Posted at 1:56 PM, Oct 08, 2020
and last updated 2020-10-08 13:56:37-04

HENRICO COUNTY, Va -- Henrico High School is one of just 15 schools across the Commonwealth to offer a new, full-year, African American History course.

Sixteen students are enrolled in the virtual class.

“They will learn from the beginning of ancient Africa and civilizations that typically you do not learn," Henrico High's African American History teacher Derick Vance said. "We’re talking about Nubia, we’re talking about Ghana, Mali, Songhai."

The course comes from an executive order Virginia Governor Ralph Northam signed in 2019 that, "ensures the state’s standards of learning are inclusive of African history, allows students to engage deeply, drawing connections between historic racial inequities, and their continuous influence on our communities today."

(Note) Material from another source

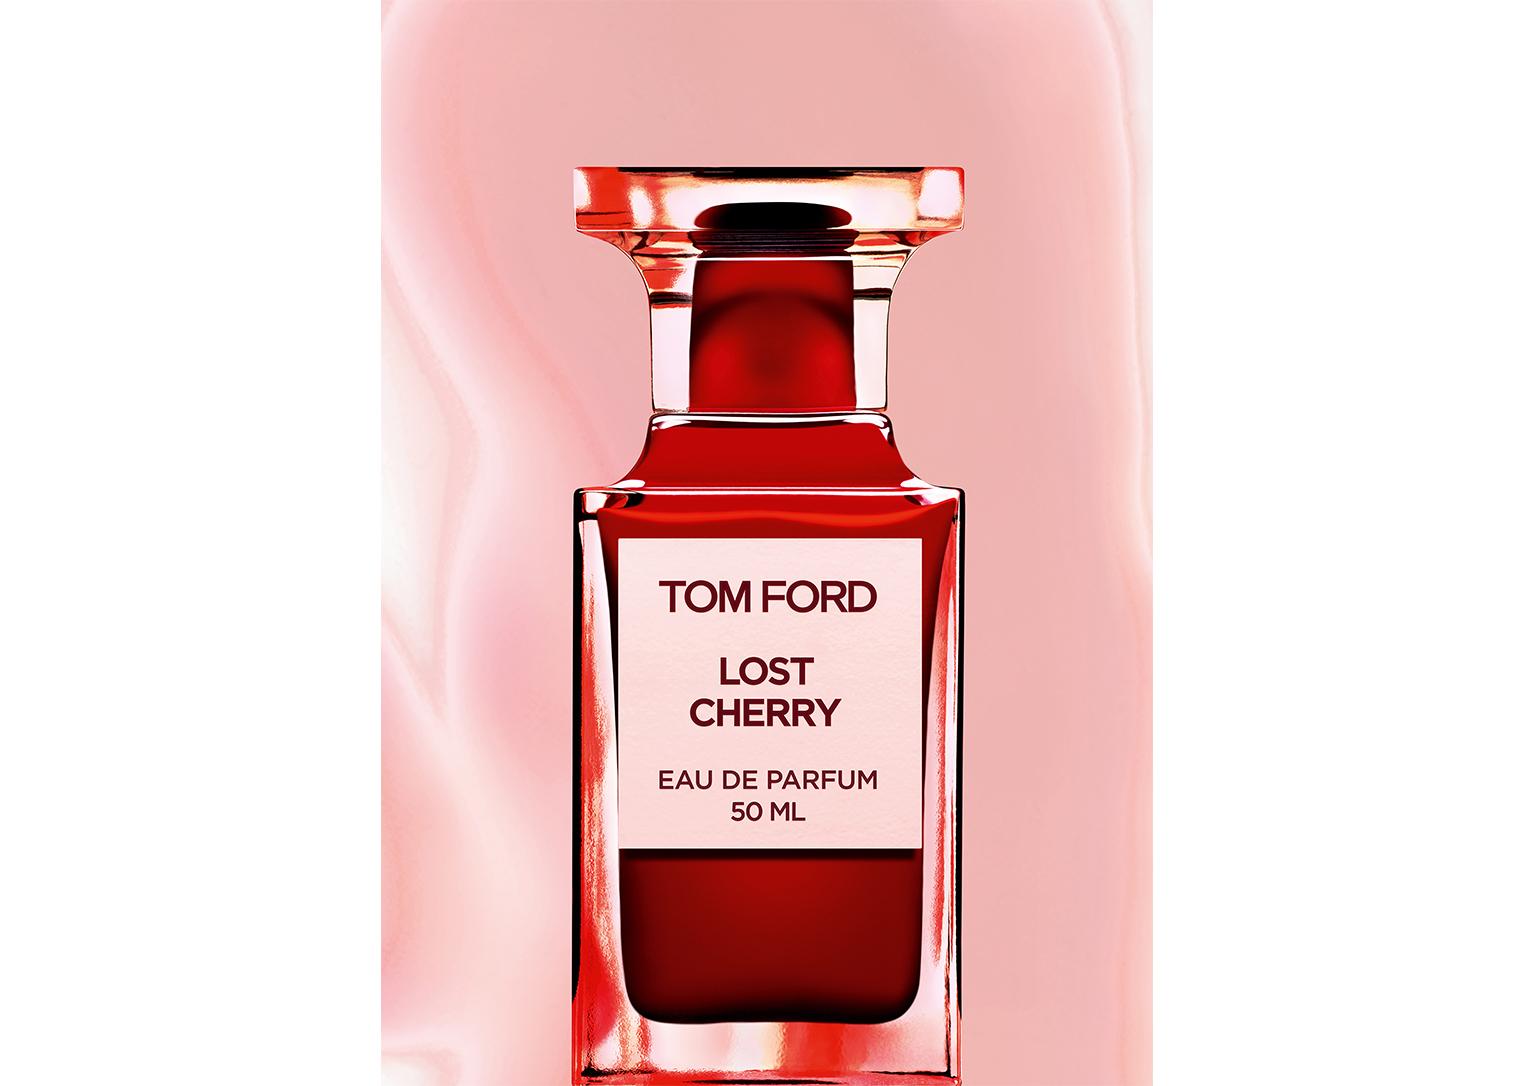 Tom Ford LOST CHERRY EAU DE PARFUM - Beauty

That’s what drew Henrico High School Principal Karin Castillo-Rose to initially apply and offer the class as an elective.

“I thought that this really is needed, not only at this time but at this school," Castillo-Rose said. "When you have a predominately black school, you want to make sure that they are being seen in their curriculum and this was the number one way to do it."

Students said the African American History course gave them a foundation of knowledge they can use beyond the classroom.

“When I first saw the opportunity to take this class, I was like, 'I have to take it!'" Bryce Anderson, a Henrico High School senior, said. "I have to learn more about my ancestry and more about African American ancestry. I thought it would be a great opportunity to learn and to gain a voice."

“I just love that class," senior MaKenzie Coles added. "I’m able to now not be afraid to go somewhere and voice and talk about our history. I’m able to go into a place and feel like I belong."

And that’s what Vance said he wanted his students to feel this school year -- a sense of empowerment.

“Just think of all the things that African Americans, and people of color as well, have contributed to the building and the wealth of the nation," Vance said. "You know, if I could leave that and instill that to them that they have the power to make change then, I’m happy."